Amanece. Te levantas y miras a través de la ventana de tu habitación: ese tonto y falso azul del cielo otra vez… falso sí, porque en realidad su color depende de la dispersión de la luz procedente del sol que, al llegar a la atmósfera, se topa con partículas y moléculas en suspensión. Las frecuencias de la luz, compuestas de vivos colores, un arcoíris que oscila desde el violeta al rojo pasando por el amarillo o el verde, son percibidas por tus ojos en diferente medida, siendo el violeta el color que más se dispersa. Tus ojos, dos luceros húmedos que ahora pasan del verde a un marrón casi amarillento, son más sensibles a un azul matutino que poco a poco se cubre con una nube con la forma de una cabeza de caballo.

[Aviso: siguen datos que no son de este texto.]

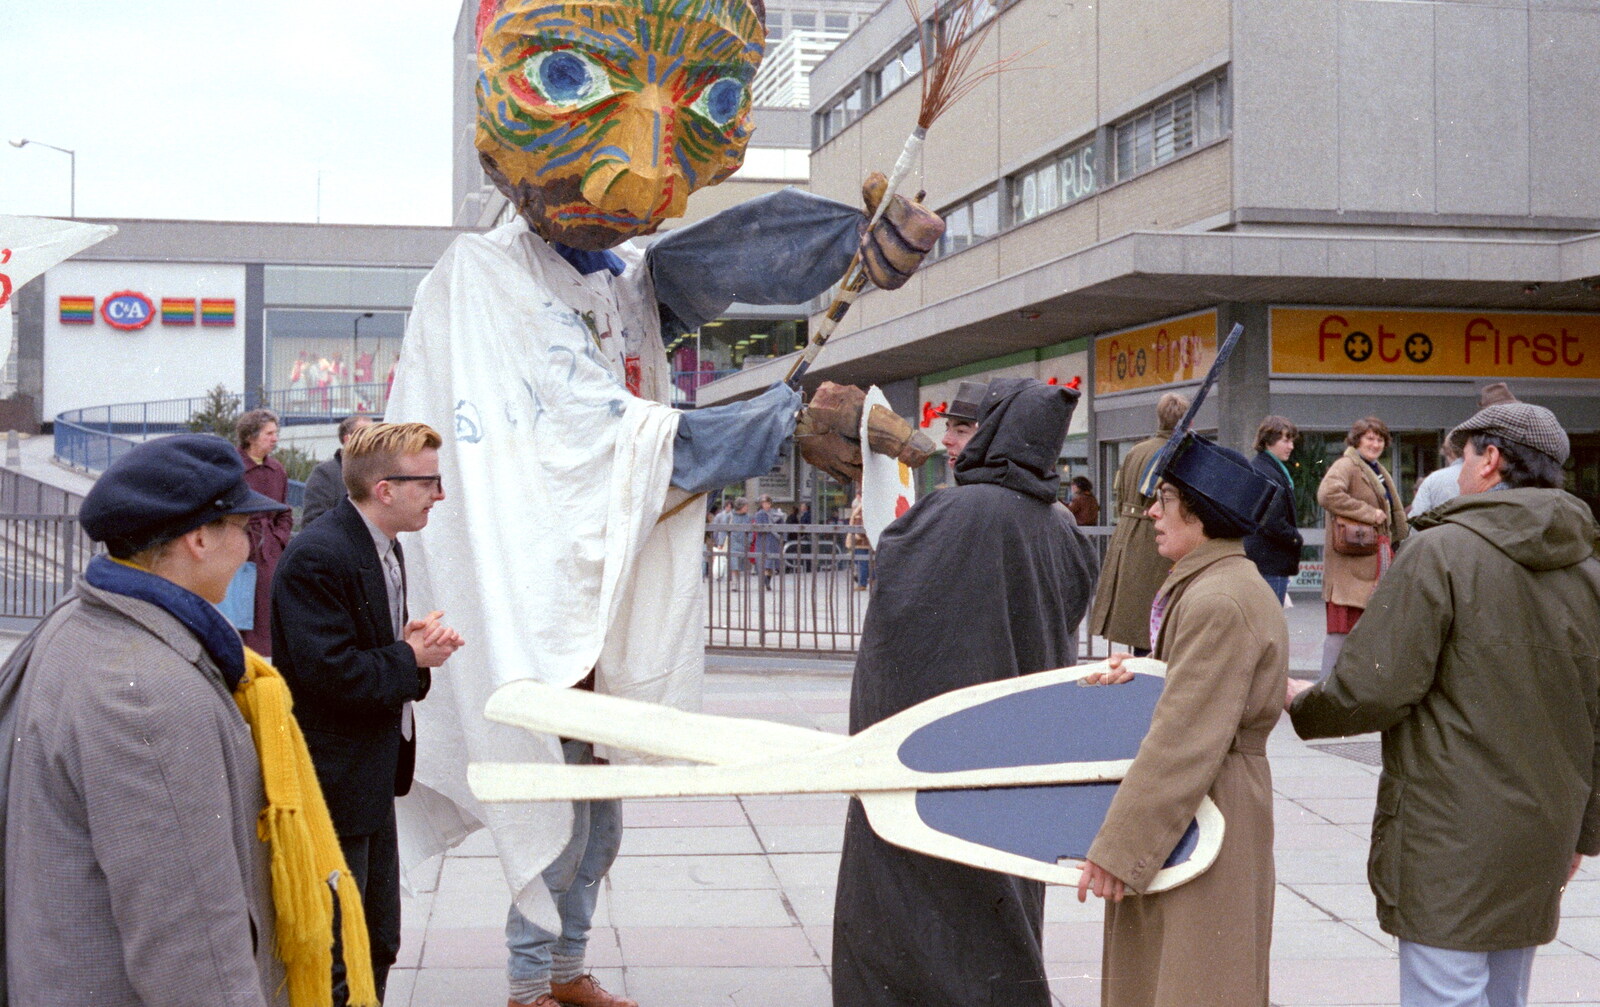 Roaming about with a giant pair of scissors from Uni: A Van Gogh Grant Cuts Protest, Plymouth, Devon - 1st March 1986

El tiempo transcurre, fluye, escapa.
Anochece. Antes de dormirte siempre te das un paseo por el descampado, el único lugar a salvo de las farolas del barrio. Y levantas la cabeza y miras las estrellas, pequeños puntos brillantes a varios millones de años luz, una medida de longitud y no de tiempo, que te permite conocer la distancia que la luz tímida y palpitante recorre en 365 días. Nadie te engaña, tus ojos -abiertos de par en par- perciben esos brillos y en cambio, su lugar de origen, vetustas estrellas cuya existencia llega por primera vez a la tierra, hace tiempo que es pasado inerte, una simple explosión en tu retina.
El tiempo transcurre, fluye, escapa.
Te acuestas en tu cama y le miras. Está a tu lado, con los ojos cerrados, respirando levemente, dueño de esa expresión de niño pequeño que no tiene más hambre, soñando de la misma forma en que lo hacía la primera vez que se quedó a dormir contigo hace 8 años. Apagas la luz de la mesilla y mantienes los ojos abiertos hasta ser capaz de apreciar cada detalle de su cara, la cicatriz de su hombro, el pelo rubio de sus brazos, ese olor…
Tanto tiempo juntos y no le reconoces.